Trump sinaliza retomada das negociações com o Irã nos próximos dois dias e petróleo recua abaixo de US$ 100
- Núcleo de Notícias

- há 3 horas
- 2 min de leitura
Presidente americano diz estar "mais inclinado" a voltar ao Paquistão enquanto diplomatas do Golfo, Paquistão e Irã confirmam possibilidade de nova rodada; bloqueio naval segue em vigor mas tensão ameniza

O presidente Donald Trump sinalizou nesta terça-feira que as negociações com o Irã para o encerramento da guerra poderiam ser retomadas no Paquistão nos próximos dois dias, aliviando parte da tensão gerada pelo colapso das conversas de Islamabad no fim de semana e pelo bloqueio naval americano aos portos iranianos que entrou em vigor na segunda-feira. "Algo pode estar acontecendo nos próximos dois dias, e estamos mais inclinados a ir até lá", disse o presidente Trump em entrevista à imprensa norte-americana.
A sinalização americana foi acompanhada por confirmações de outras frentes. Funcionários do Golfo, do Paquistão e do Irã também indicaram que as equipes negociadoras dos dois países poderiam retornar ao Paquistão ainda nesta semana, embora uma fonte iraniana sênior tenha pontuado que nenhuma data havia sido formalmente definida. A convergência de sinais de múltiplos atores sobre a possibilidade de retomada foi suficiente para acalmar os mercados de petróleo, com os preços do Brent voltando a cair abaixo de US$ 100 por barril nesta terça-feira, após terem superado esse nível com força na véspera.

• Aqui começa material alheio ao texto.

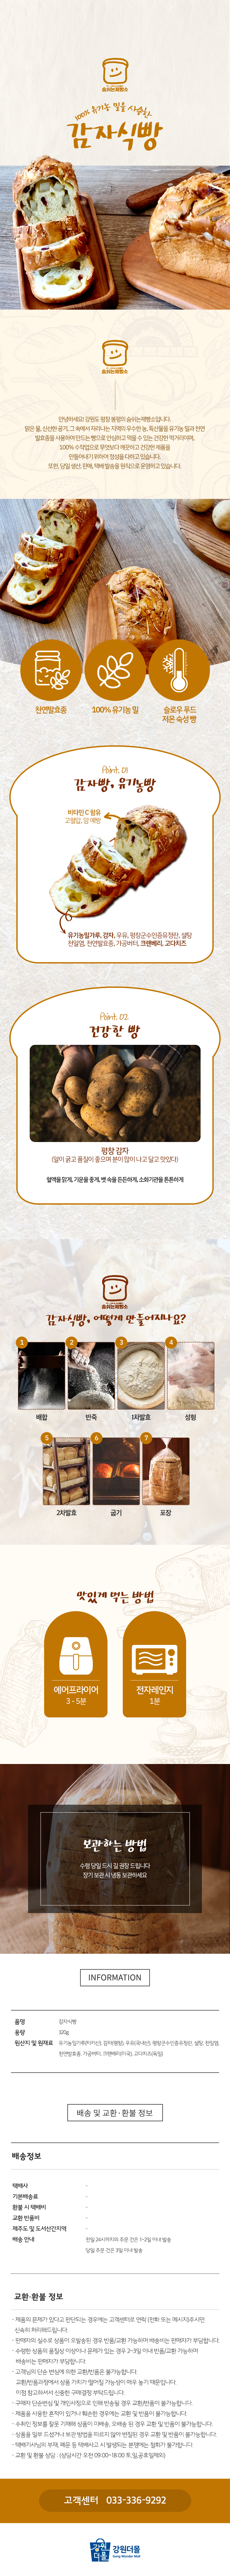 숨쉬는제빵소 평창로컬푸드 베이커리 천연발효종 감자식빵 맛있는빵 수제빵 감자빵 특이한빵 추천

O contexto que cerca uma eventual nova rodada é de máxima pressão sobre o Irã. O bloqueio naval americano aos portos iranianos, que passou a ser aplicado a partir de segunda-feira pelo CENTCOM com ao menos 17 navios posicionados, corta efetivamente a capacidade do regime de exportar petróleo e receber importações pelo mar. Teerã respondeu com retórica de confronto, ameaçando atacar navios que transitassem pelo Estreito e retaliar portos de vizinhos do Golfo. Mas os sinais diplomáticos desta terça sugerem que, por baixo da dureza pública, o regime iraniano pode estar buscando uma saída.
O cenário que chega ao possível segundo encontro é mais claro do que o da rodada de Islamabad: a guerra começou em 28 de fevereiro com os ataques americanos e israelenses ao Irã, o regime efetivamente fechou o Estreito de Ormuz por semanas, as negociações de Islamabad colapsaram no fim de semana e os Estados Unidos responderam com o bloqueio. O Irã que entrar numa eventual segunda rodada o fará com menos margem de manobra do que tinha uma semana atrás.
O cessar-fogo de duas semanas anunciado pelo presidente Donald Trump na terça-feira anterior ainda tem cerca de uma semana de vigência. O espaço de tempo disponível para transformar essa janela em algo permanente está se estreitando, e qualquer acordo que eventualmente surgir precisará endereçar os pontos que impediram um entendimento em Islamabad: a proibição ao enriquecimento de urânio do Irã, o conflito entre Israel e Hezbollah no Líbano e a reabertura plena do Estreito de Ormuz.